Standover height could be an issue if either of your wheels (or both) are raised on uneven ground or a kerb perhaps. On my commute along towpaths there are some heavily trafficked junctions/barriers that have depressions in the ground. If anyone was to stop with one or both wheels on a high point they might struggle to steady themselves. 

I'm 5'11" and just bought a 22.5" Trek FX which fits me great with 5" of visible seatpost because I have longer than average legs. A workmate who also rides to work tried my bike out and found it too big and he's 6'1". I've seen 2 boxers of similar height and weight yet one had a 6" reach advantage over the other? We're all built differently and as long as you feel you have control over the bike at standover, go with whatever feels comfortable to you.


----------



## Pale Rider (15 Feb 2015)

JMAG said:


> I'm 5'11" and just bought a 22.5" Trek FX which fits me great with 5" of visible seatpost because I have longer than average legs.

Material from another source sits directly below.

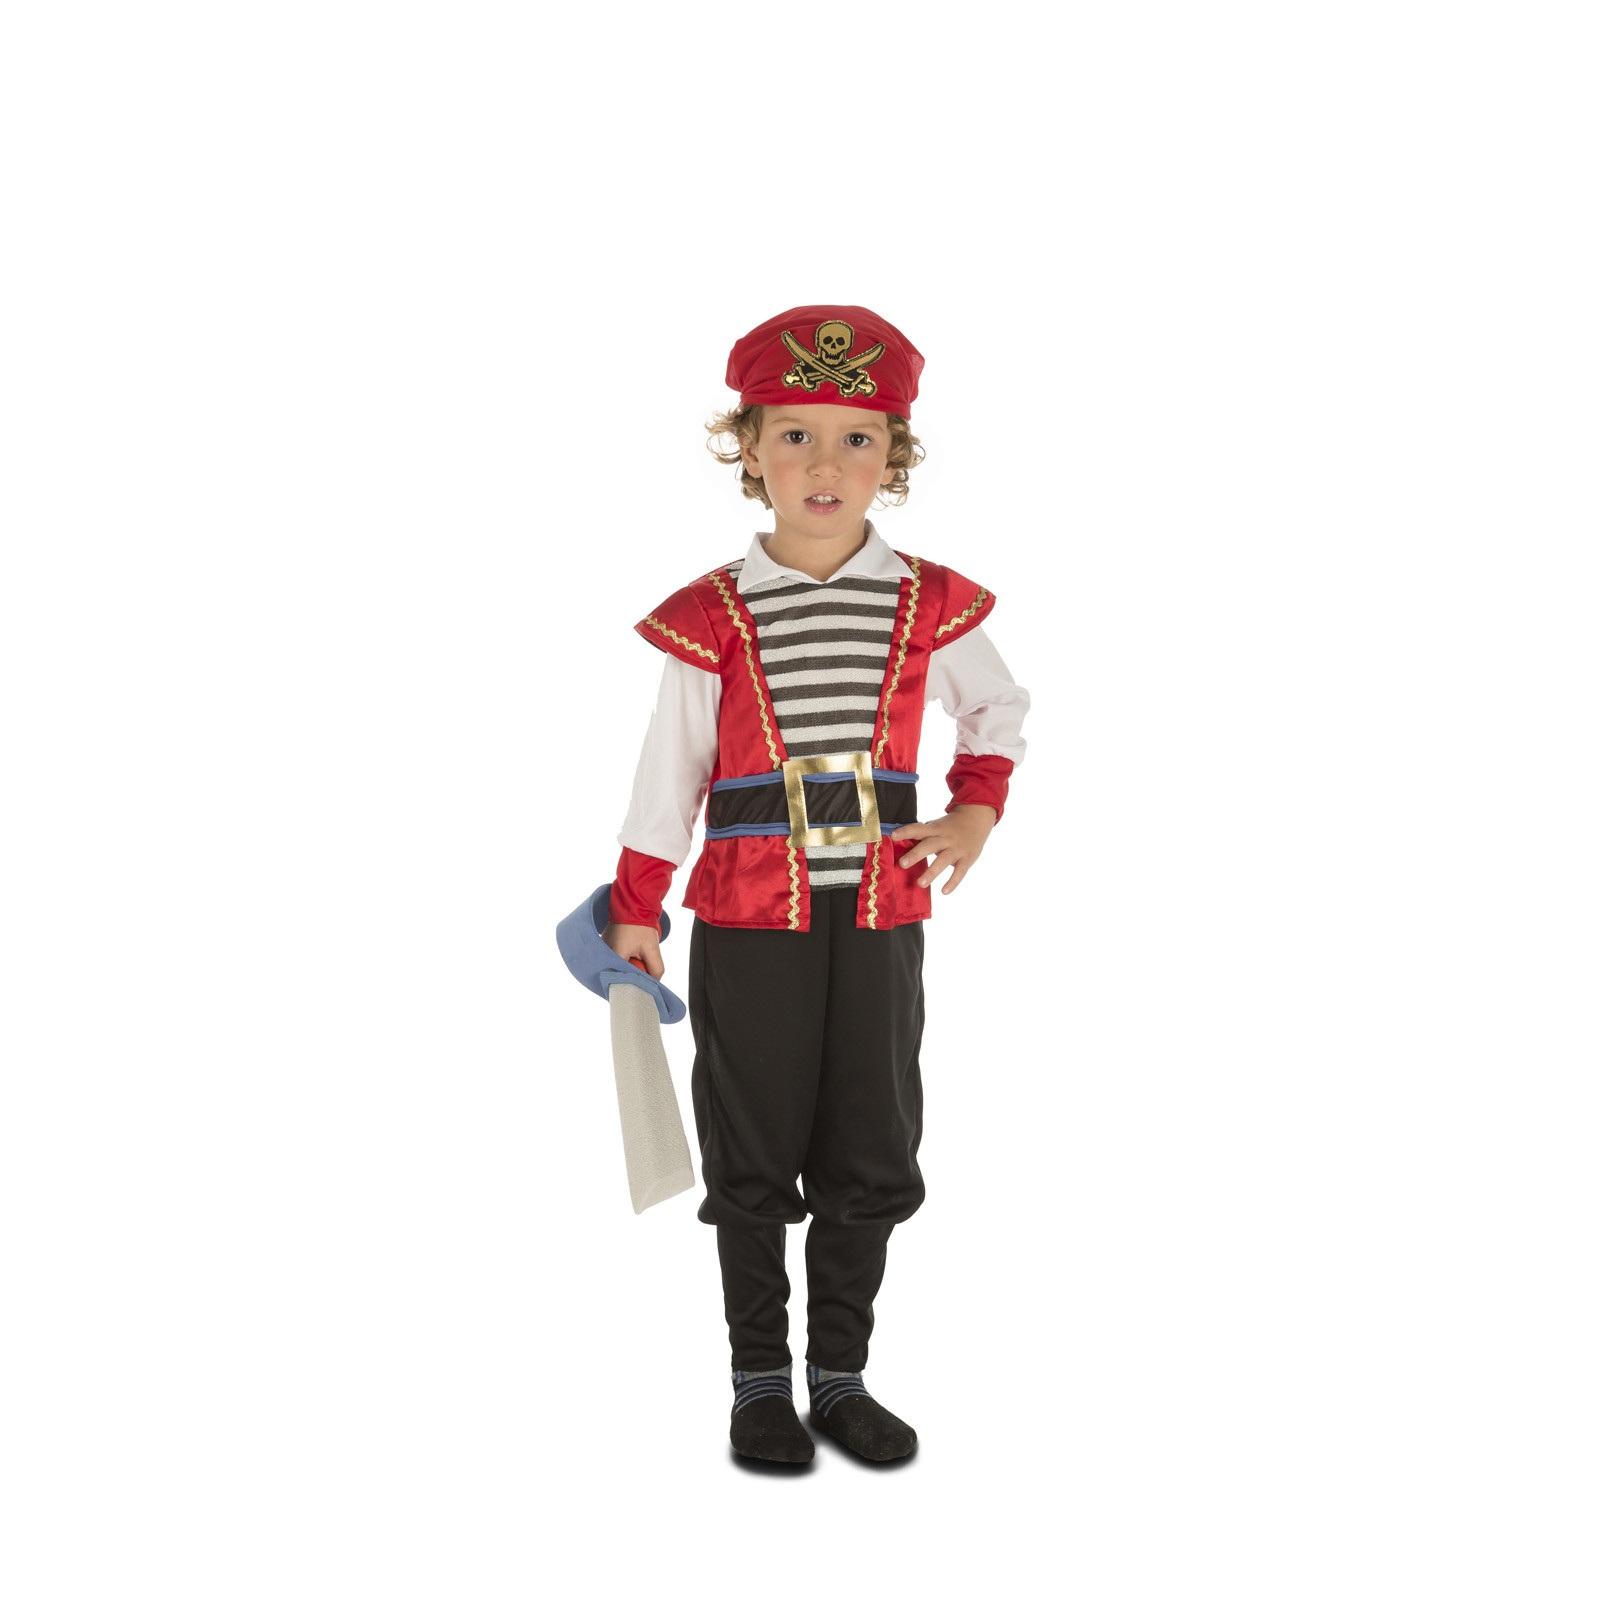 disfraz pirata rojo niño 204076mom - DISFRAZ DE PIRATA ROJO NIÑO

I'm the same height as you and take an 18", or at most a 19", which illustrates your point.


----------



## Shortmember (16 Feb 2015)

When riding the bikes of yesteryear that didn't have sloping crossbars, I managed to squash my wedding tackle enough times during emergency stops that I regarded the arrival of the new breed of MTBs and hybrids, with their generous 'nut' clearance top tubes, as a gift from the cycling gods.


----------